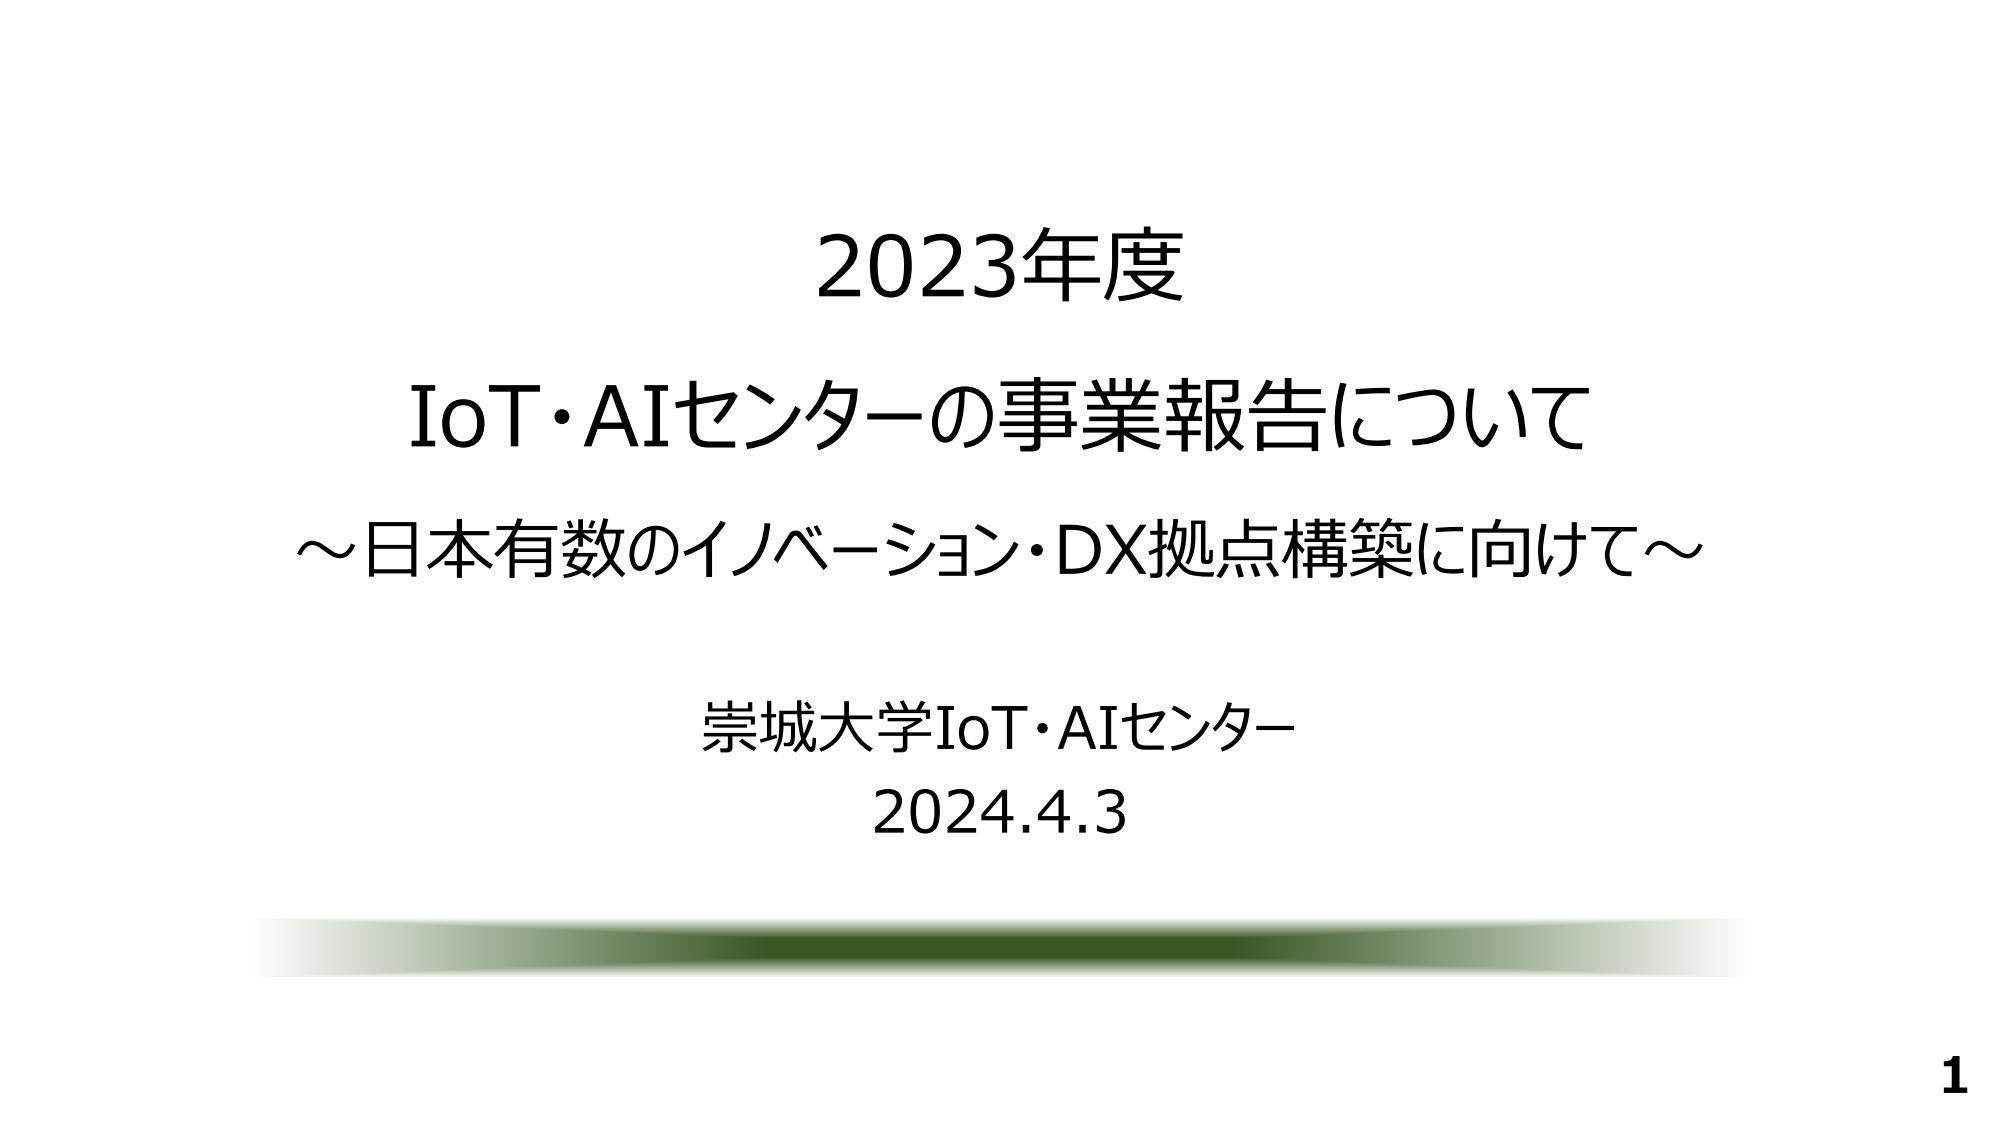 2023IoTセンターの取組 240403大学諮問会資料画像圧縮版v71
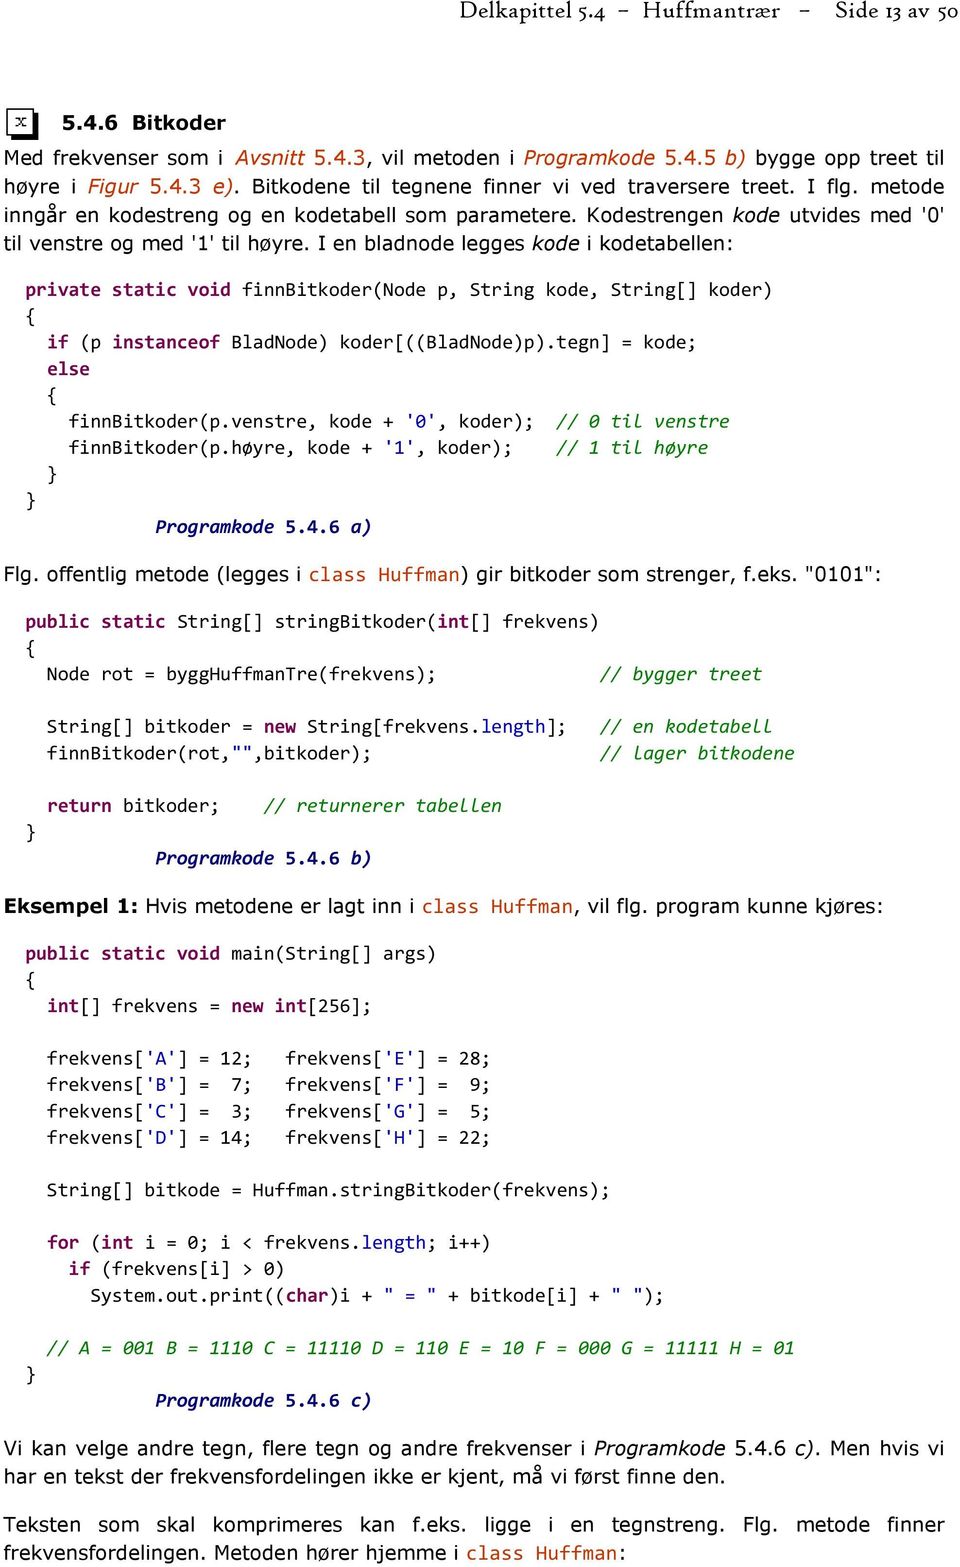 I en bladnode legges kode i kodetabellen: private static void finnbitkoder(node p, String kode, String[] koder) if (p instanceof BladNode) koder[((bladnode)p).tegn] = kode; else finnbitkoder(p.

◇ ◇ ◇ ◇ ◇ ◇ ◇

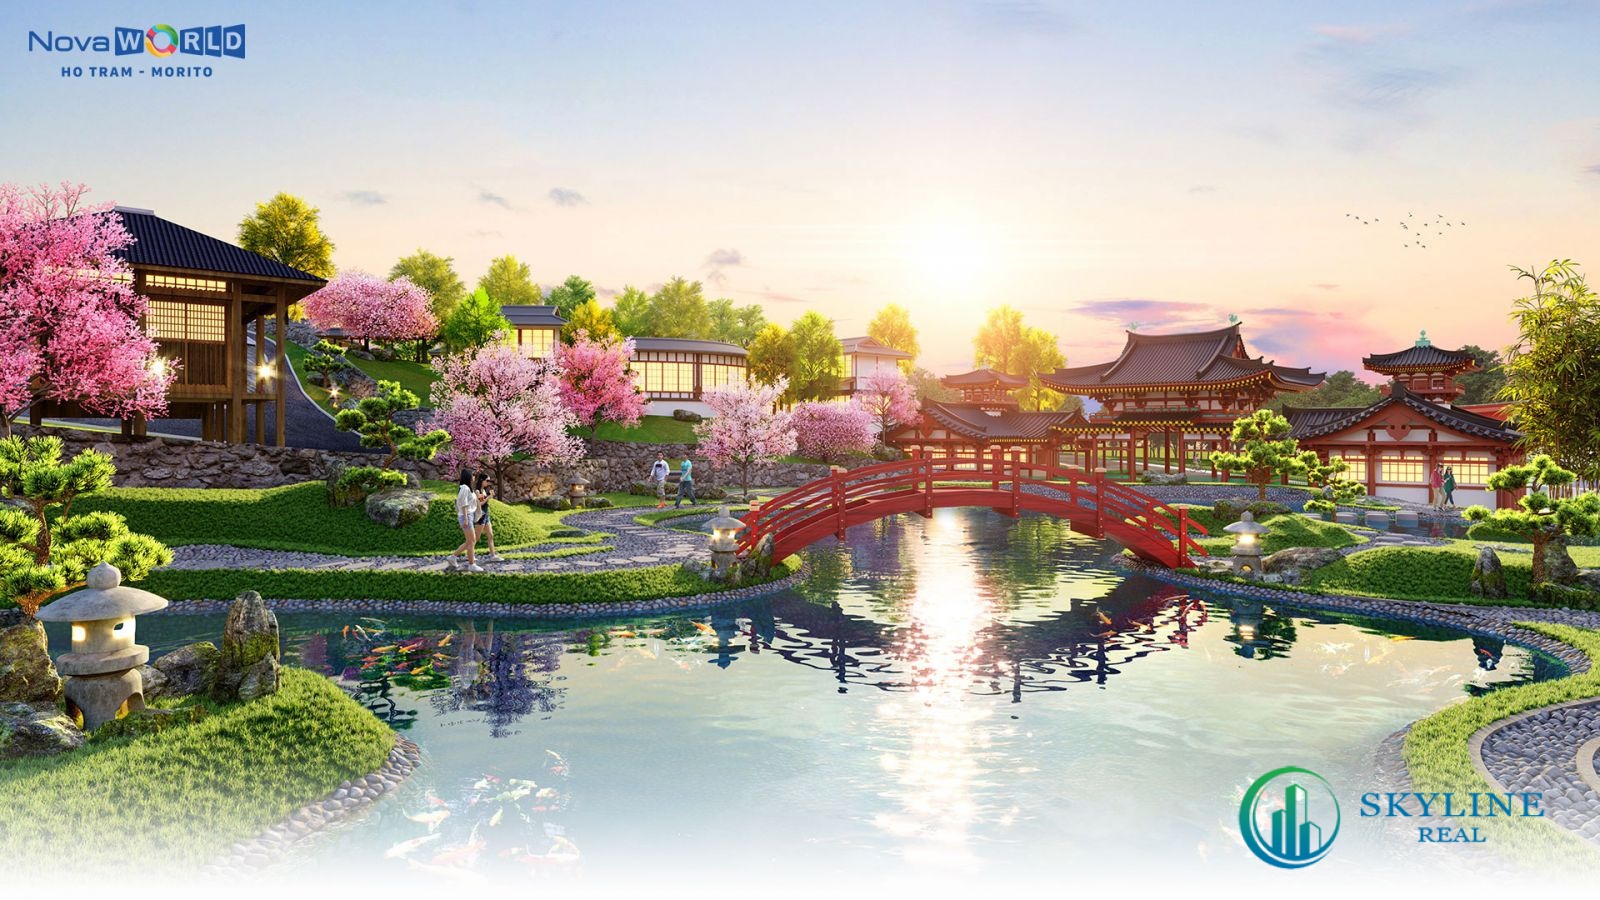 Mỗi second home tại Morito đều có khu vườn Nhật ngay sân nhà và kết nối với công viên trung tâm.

◇ ◇ ◇ ◇ ◇ ◇ ◇

Your answer must be the exact lines from the records above, from the one containing "2023IoTセンターの取組 240403大学諮問会資料画像圧縮版v71" through the one containing "I en bladnode", both included, with every picture left out.

 2023IoTセンターの取組 240403大学諮問会資料画像圧縮版v71
 I en bladnode legges kode i kodetabellen: private static void finnbitkoder(node p, String kode, String[] koder) if (p instanceof BladNode) koder[((bladnode)p).tegn] = kode; else finnbitkoder(p.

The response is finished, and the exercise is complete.